→ **Data extract**
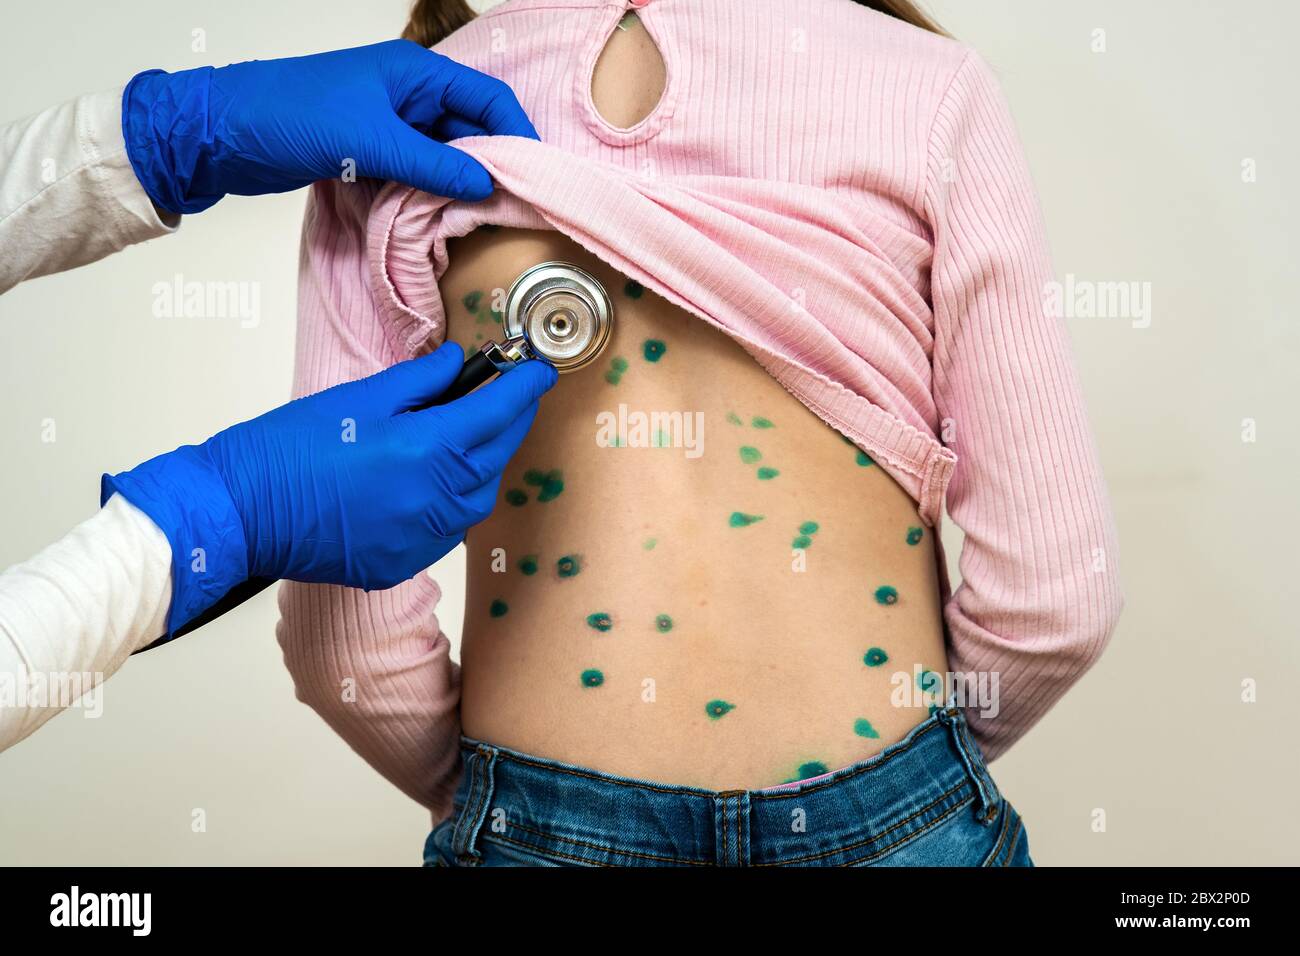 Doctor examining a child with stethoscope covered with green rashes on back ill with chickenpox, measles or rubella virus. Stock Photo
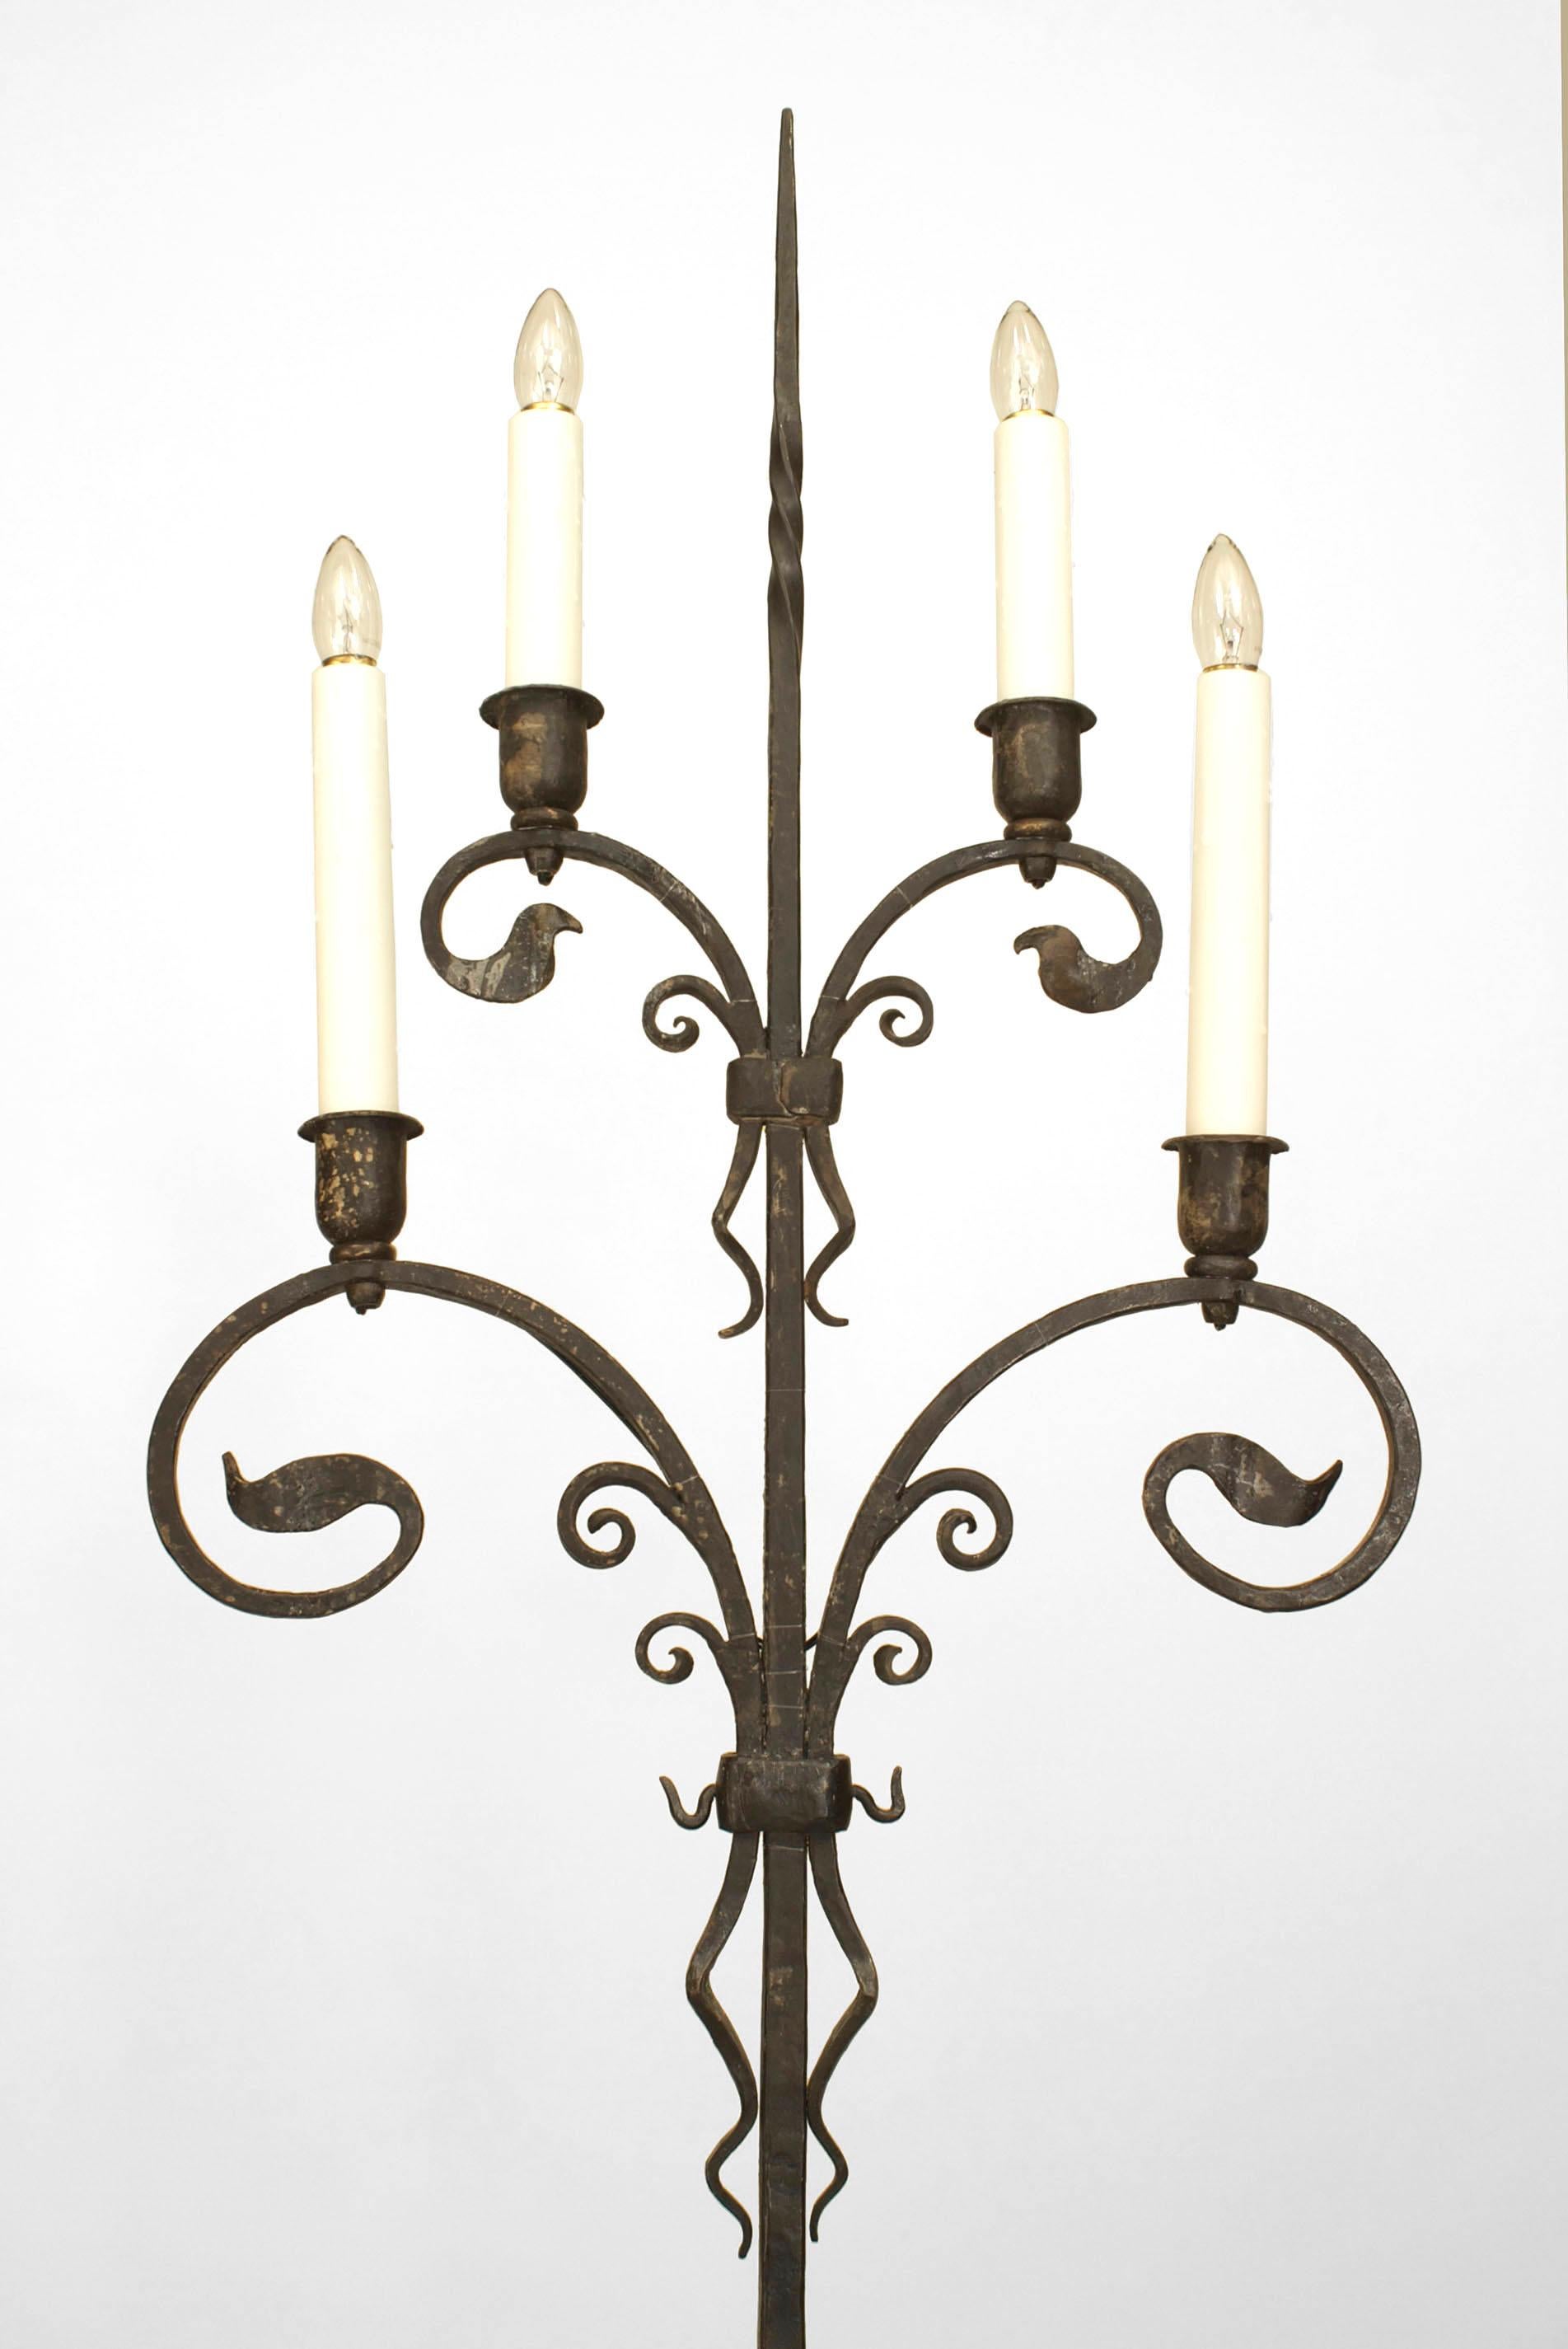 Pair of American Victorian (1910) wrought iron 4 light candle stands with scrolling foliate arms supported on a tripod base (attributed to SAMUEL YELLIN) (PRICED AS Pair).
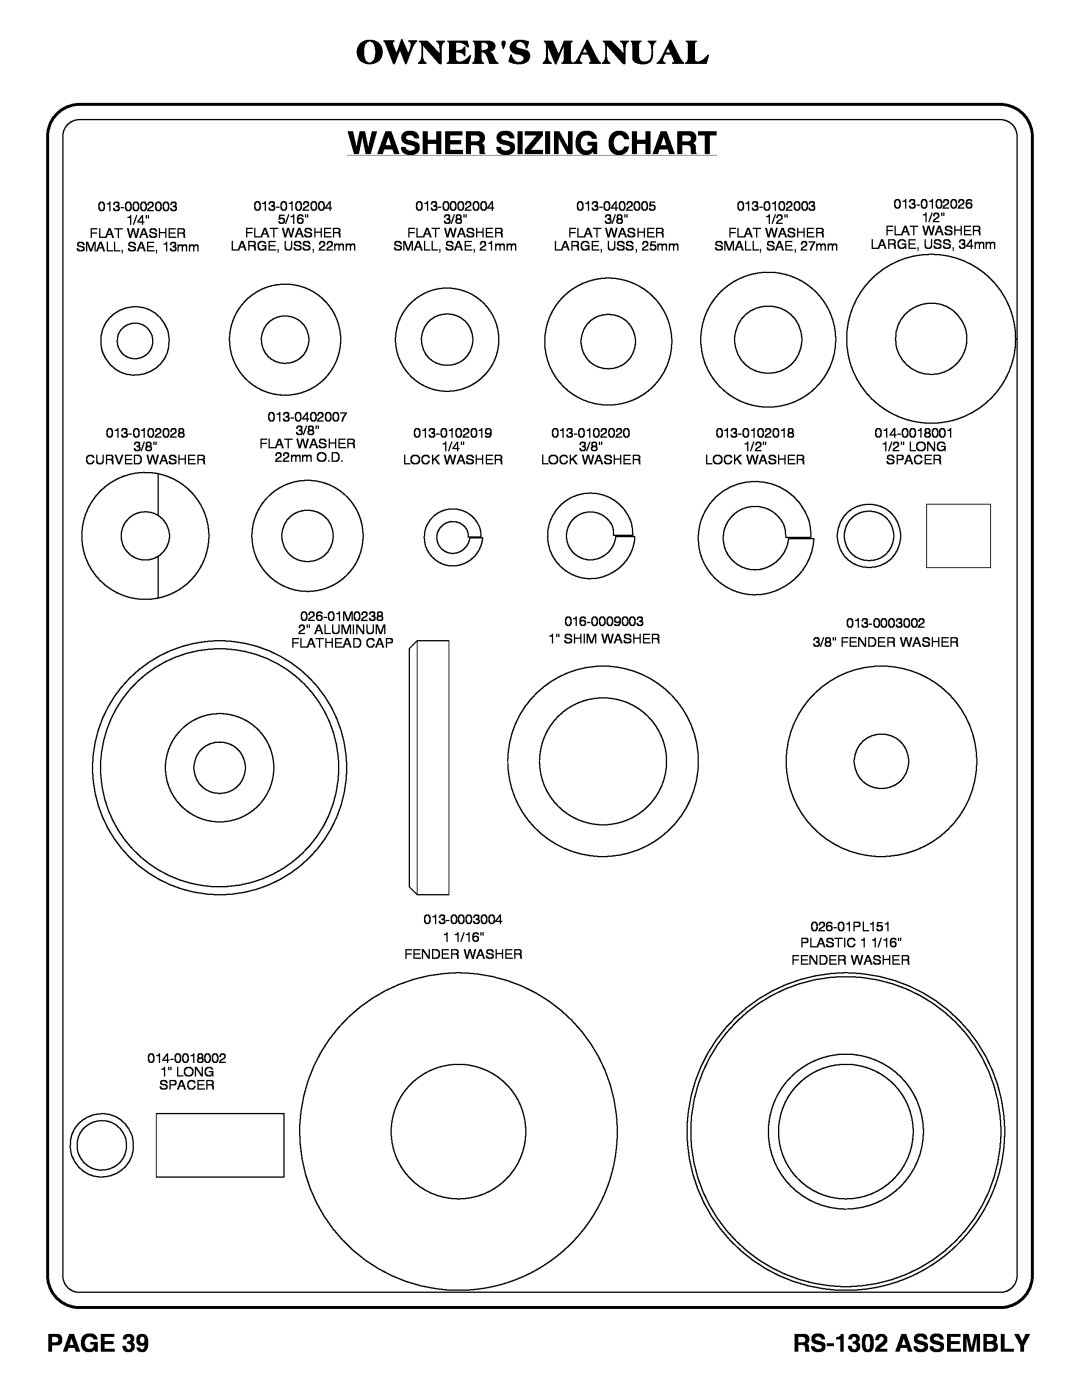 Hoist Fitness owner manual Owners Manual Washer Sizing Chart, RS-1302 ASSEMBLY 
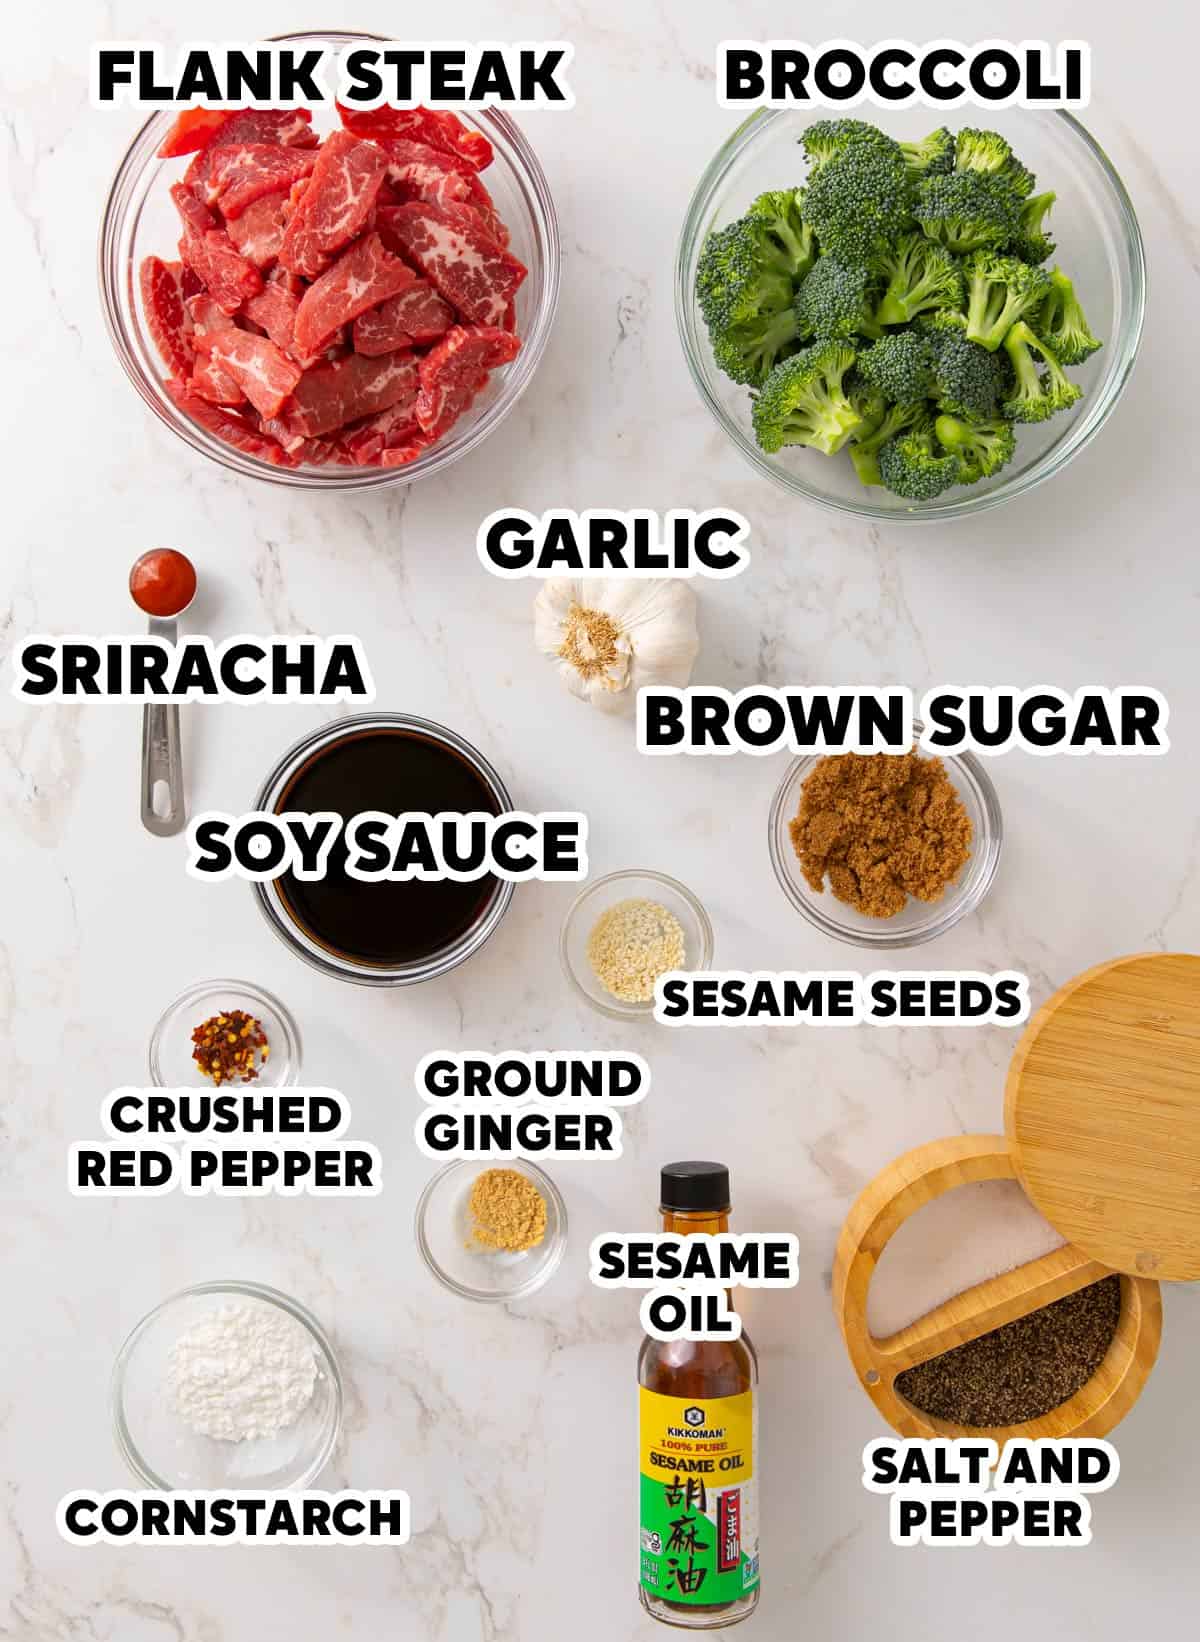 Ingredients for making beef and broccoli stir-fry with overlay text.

→ **Task goal**
Every line from the one containing "Pair of American" through the last line of the data is to be retyped exactly, with nothing added and no pictures included.

→ **Response for this exercise**
 Pair of American Victorian (1910) wrought iron 4 light candle stands with scrolling foliate arms supported on a tripod base (attributed to SAMUEL YELLIN) (PRICED AS Pair).
 Hoist Fitness owner manual Owners Manual Washer Sizing Chart, RS-1302 ASSEMBLY 
 Ingredients for making beef and broccoli stir-fry with overlay text.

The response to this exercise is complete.